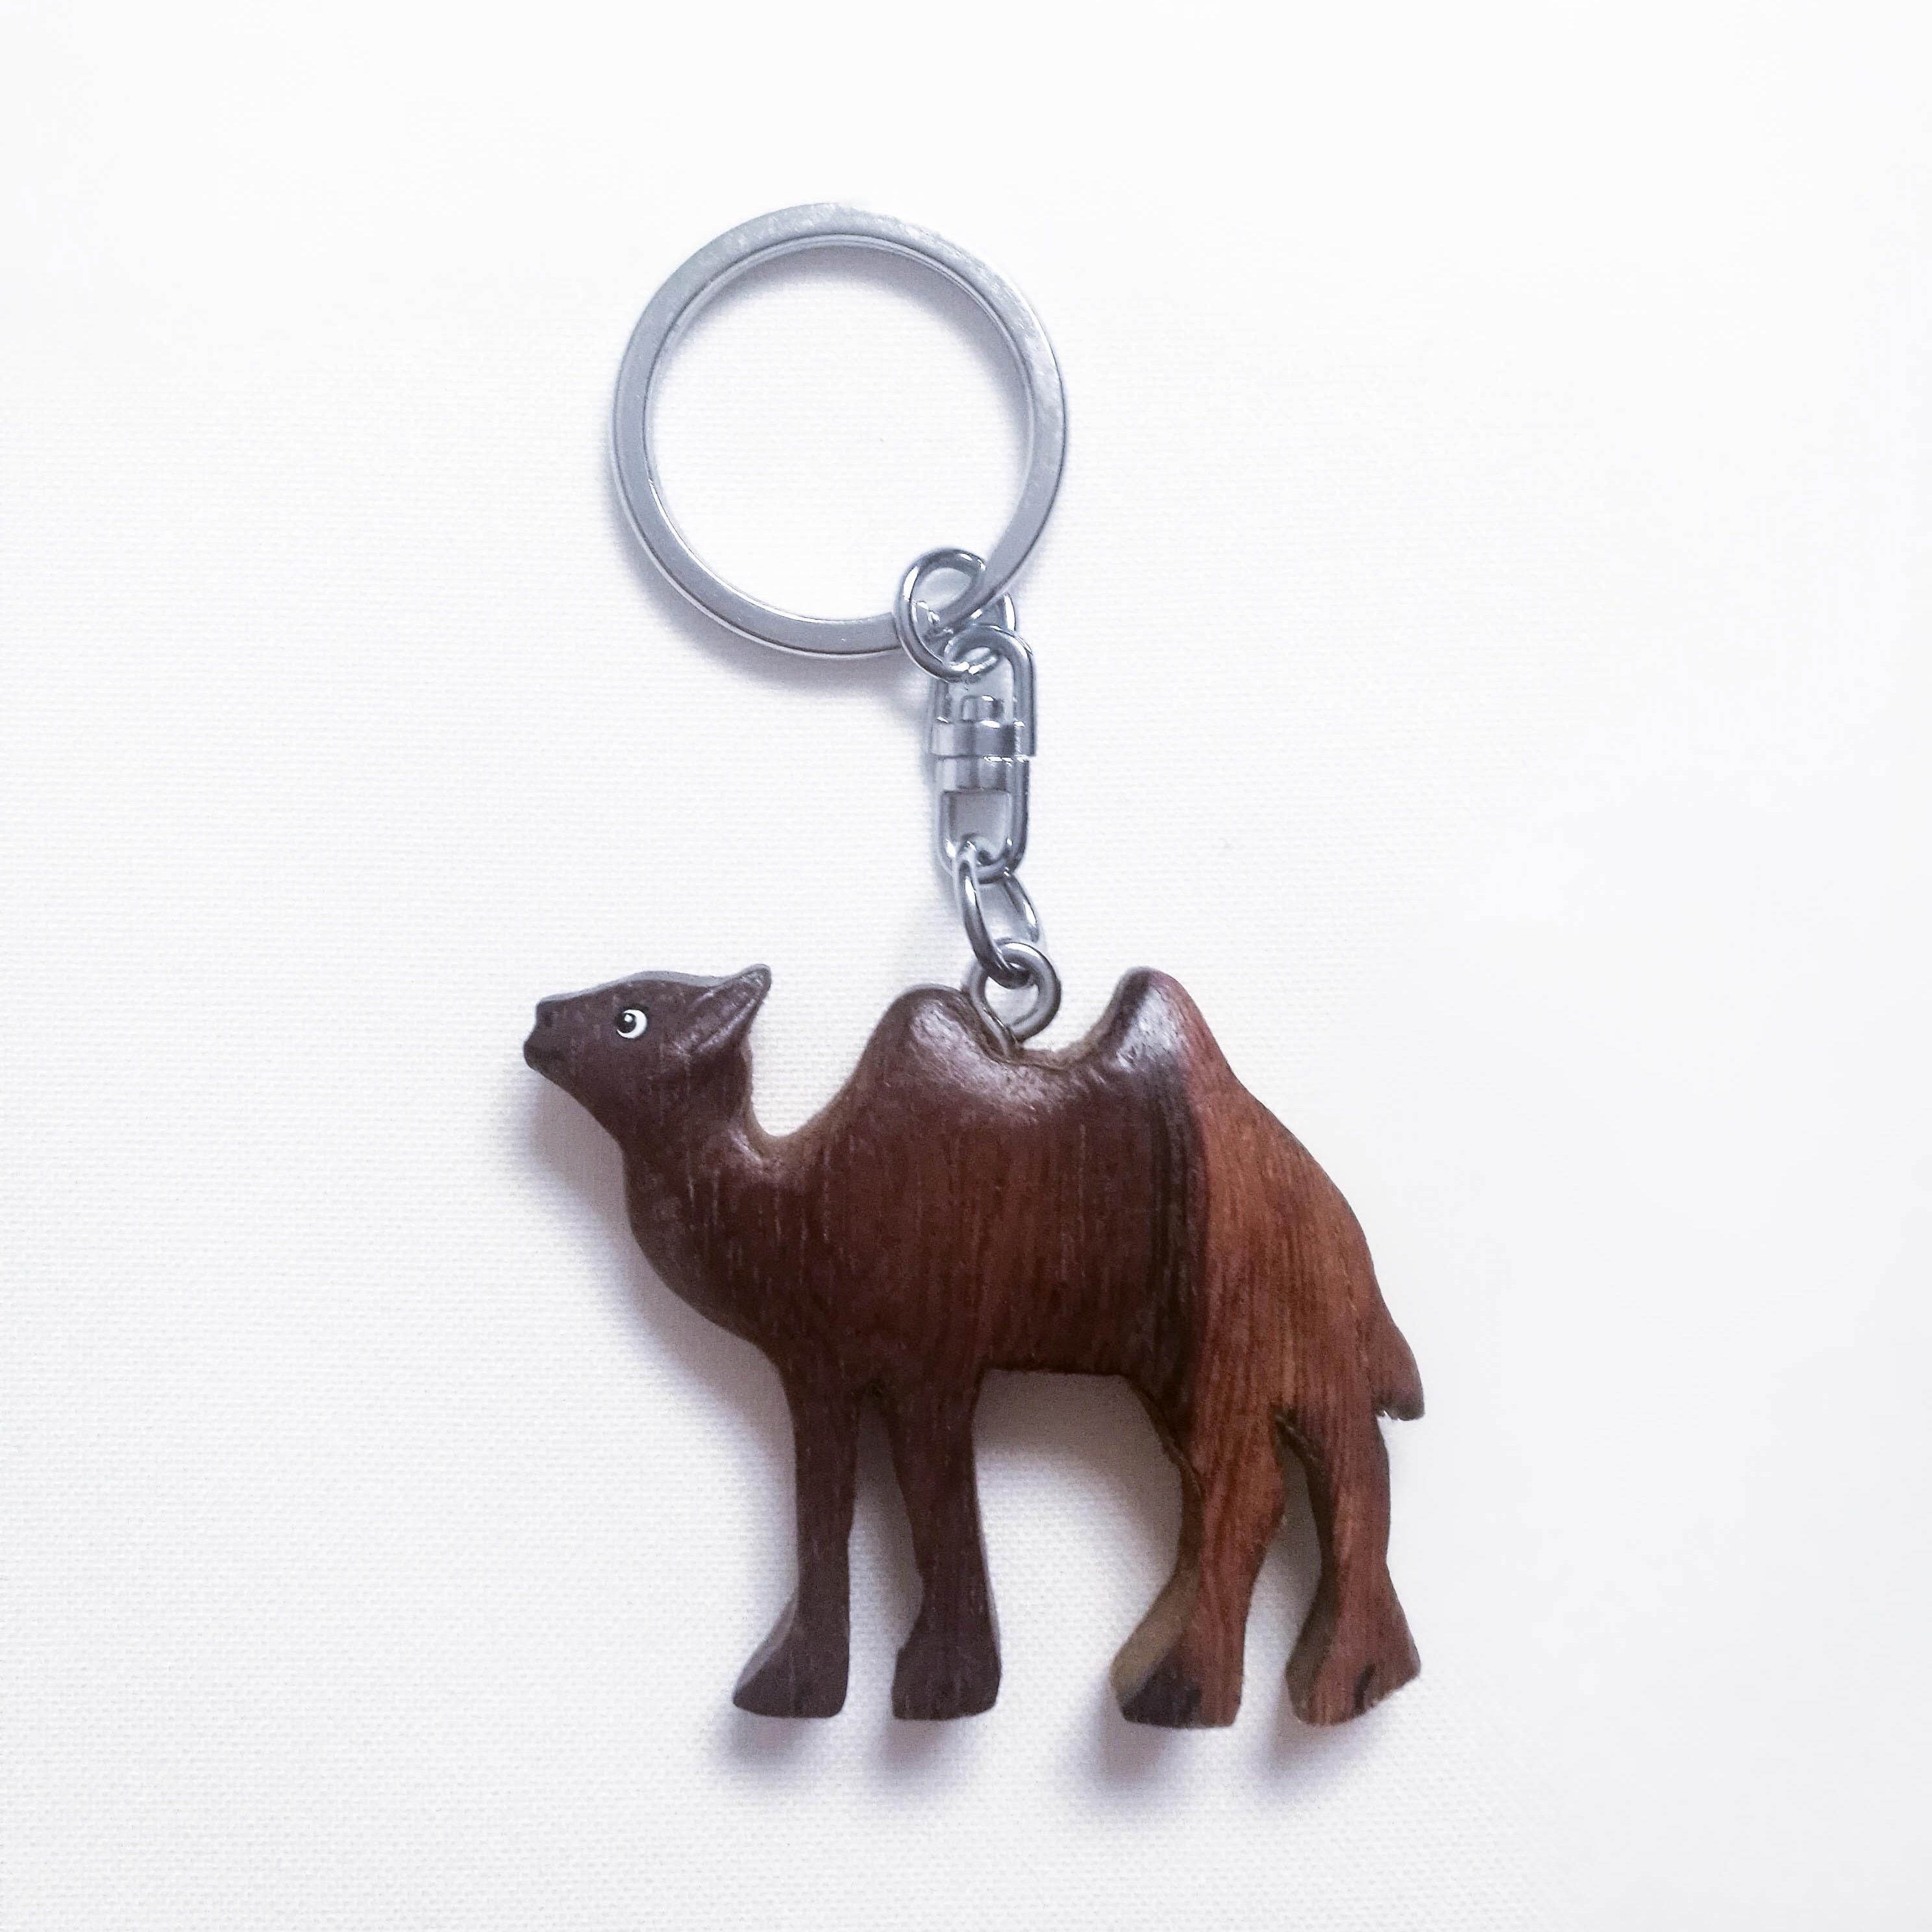 Schlüsselkette aus Holz Kamel
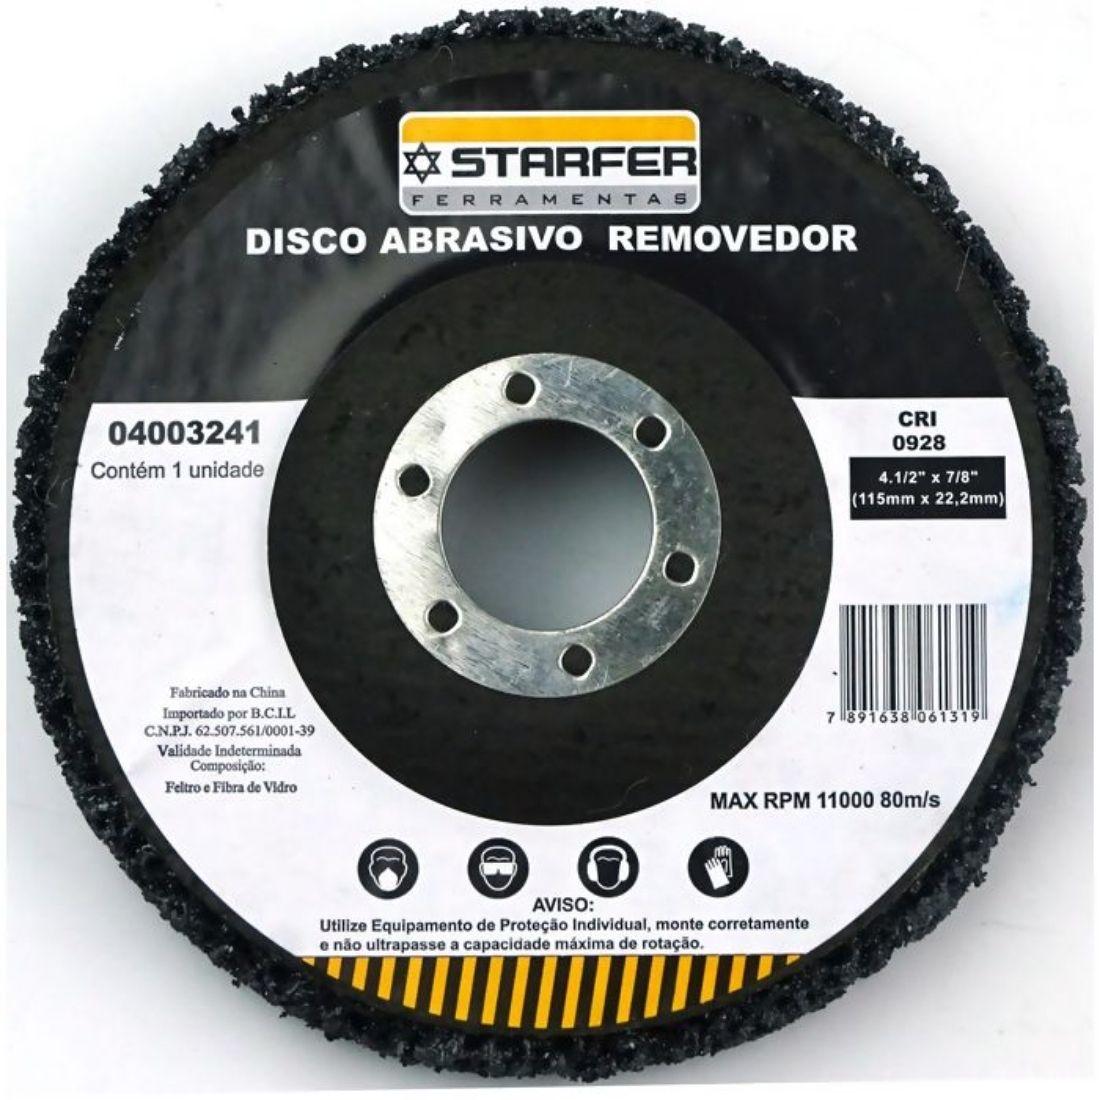 Disco Removedor Polidor 4.1/2 Starfer
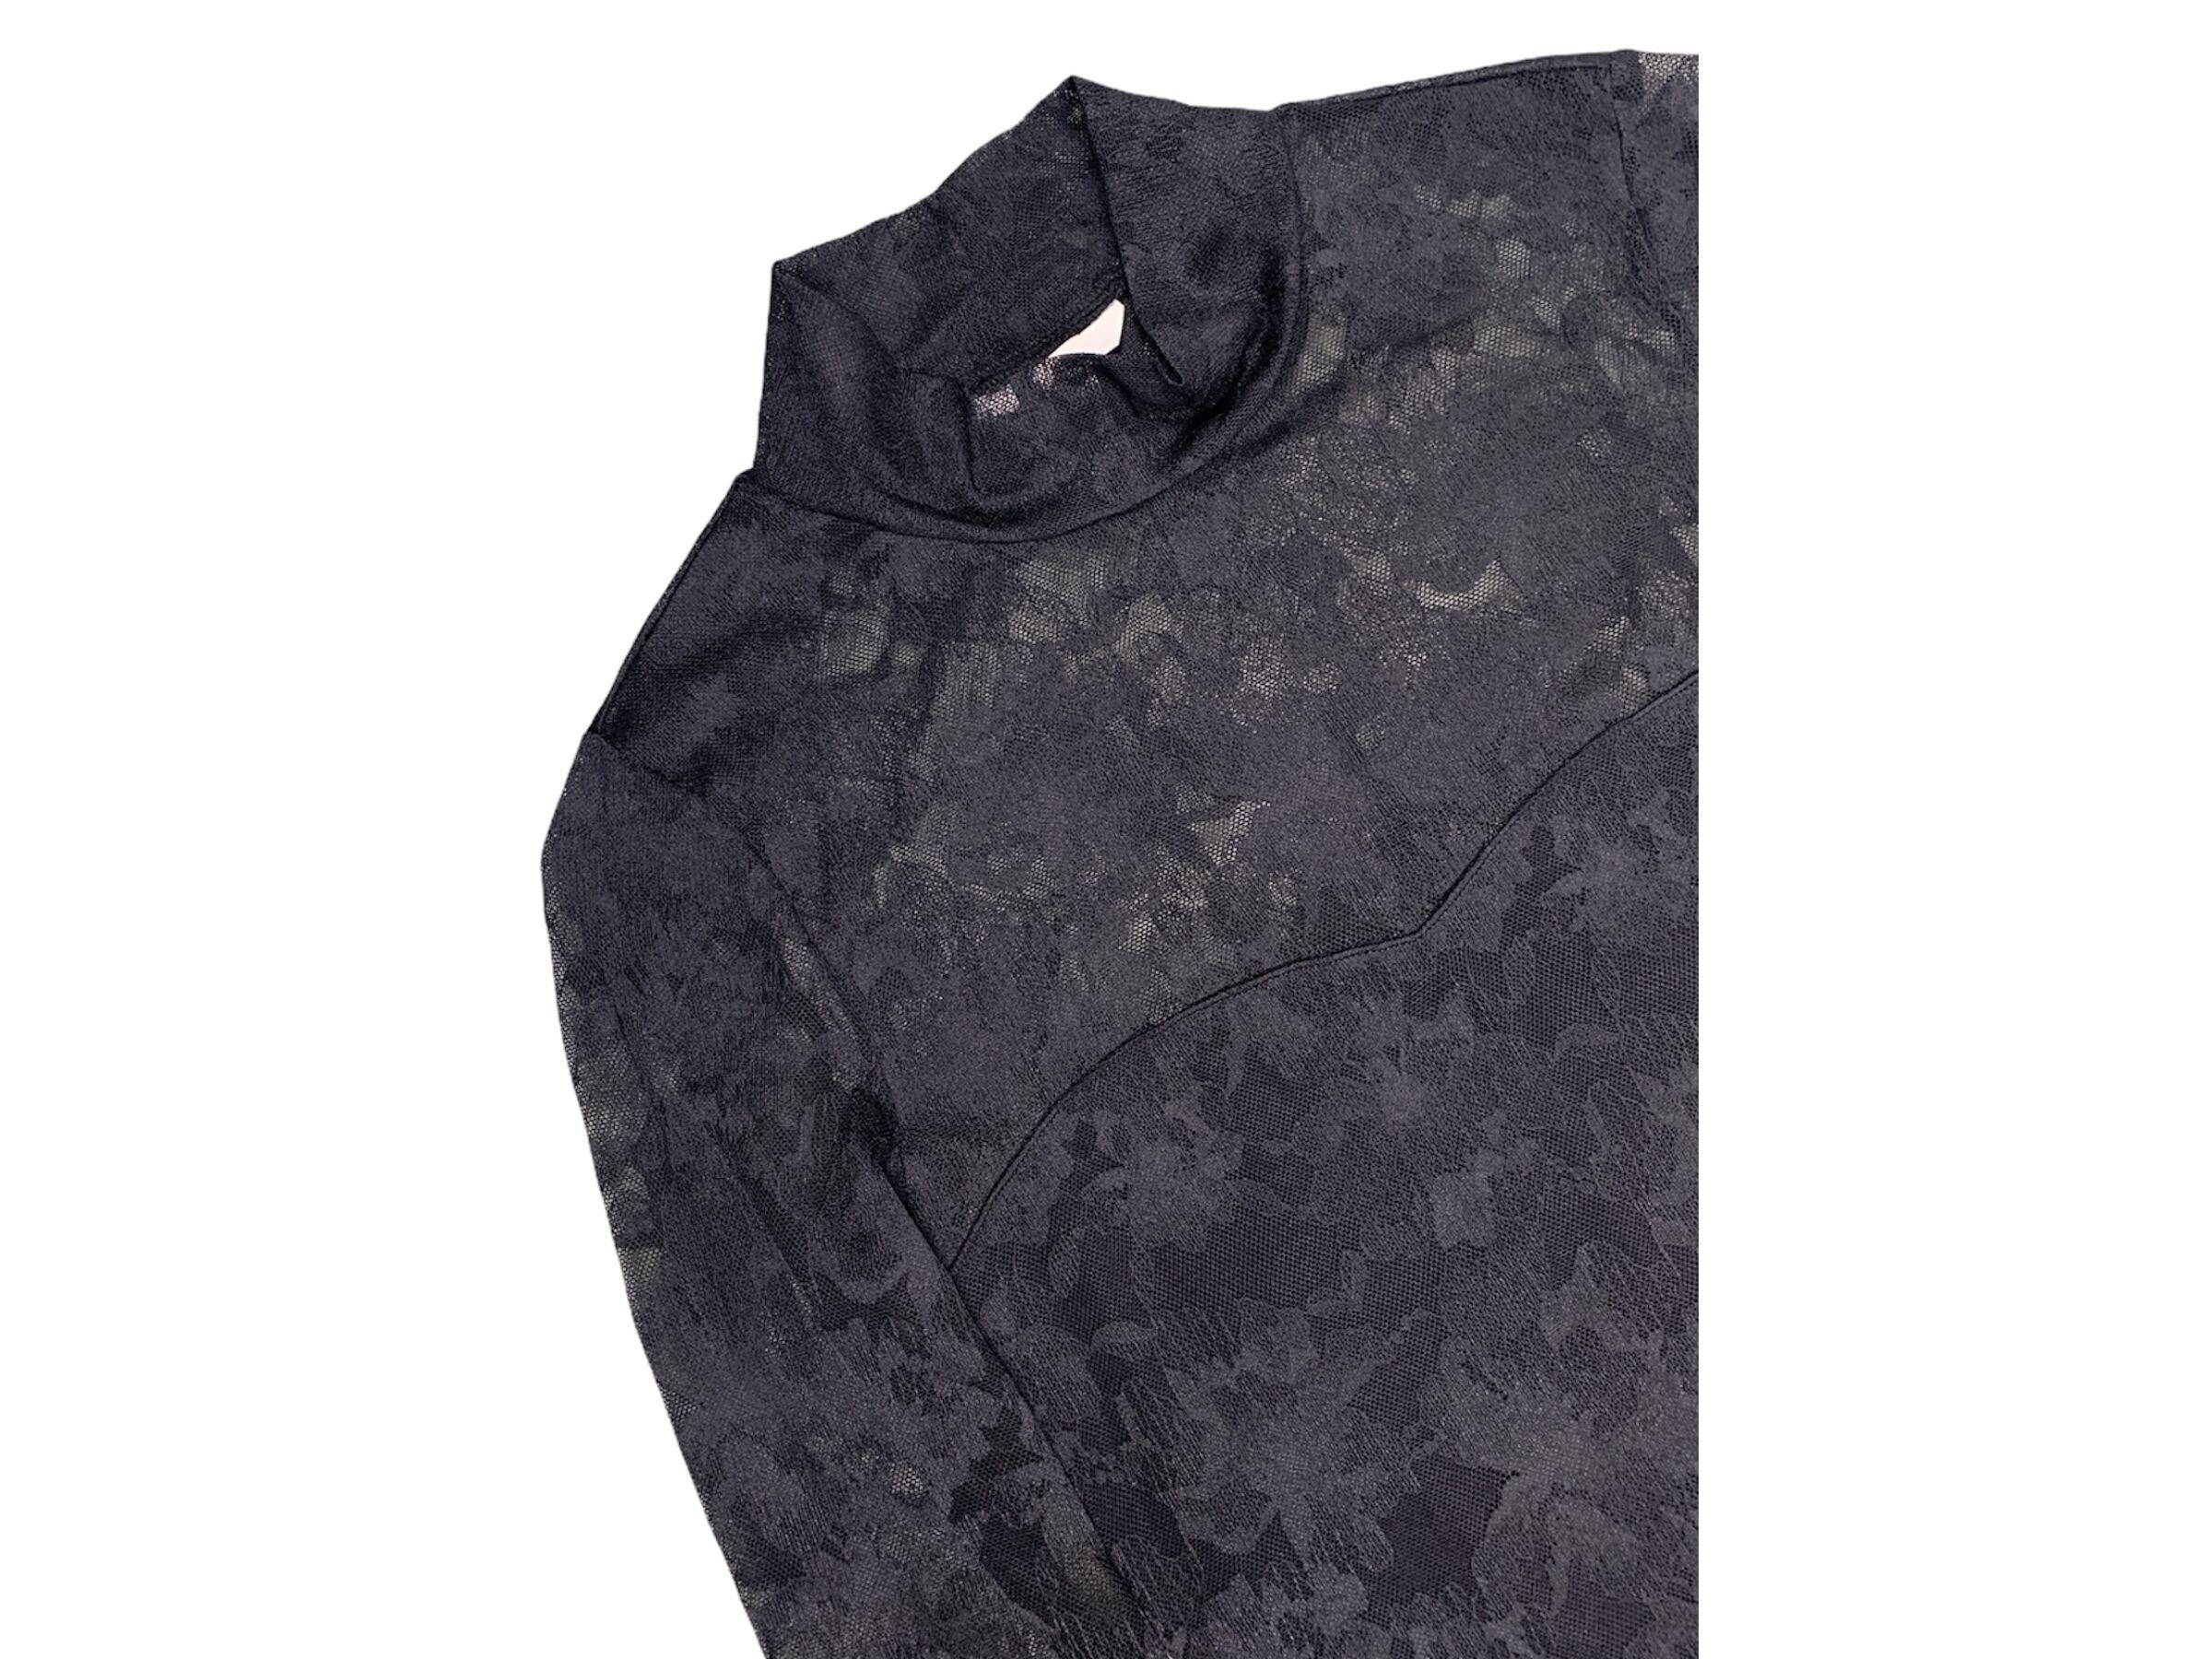 H&M csipke body (XS)

Task brief:
Go to the line containing "Disco Removedor Polidor 4.1/2 Starfer", then write out word for word every line from there to the end of the listing. Keep both end lines and drop the pictures.

Final answer:
 Disco Removedor Polidor 4.1/2 Starfer
 H&M csipke body (XS)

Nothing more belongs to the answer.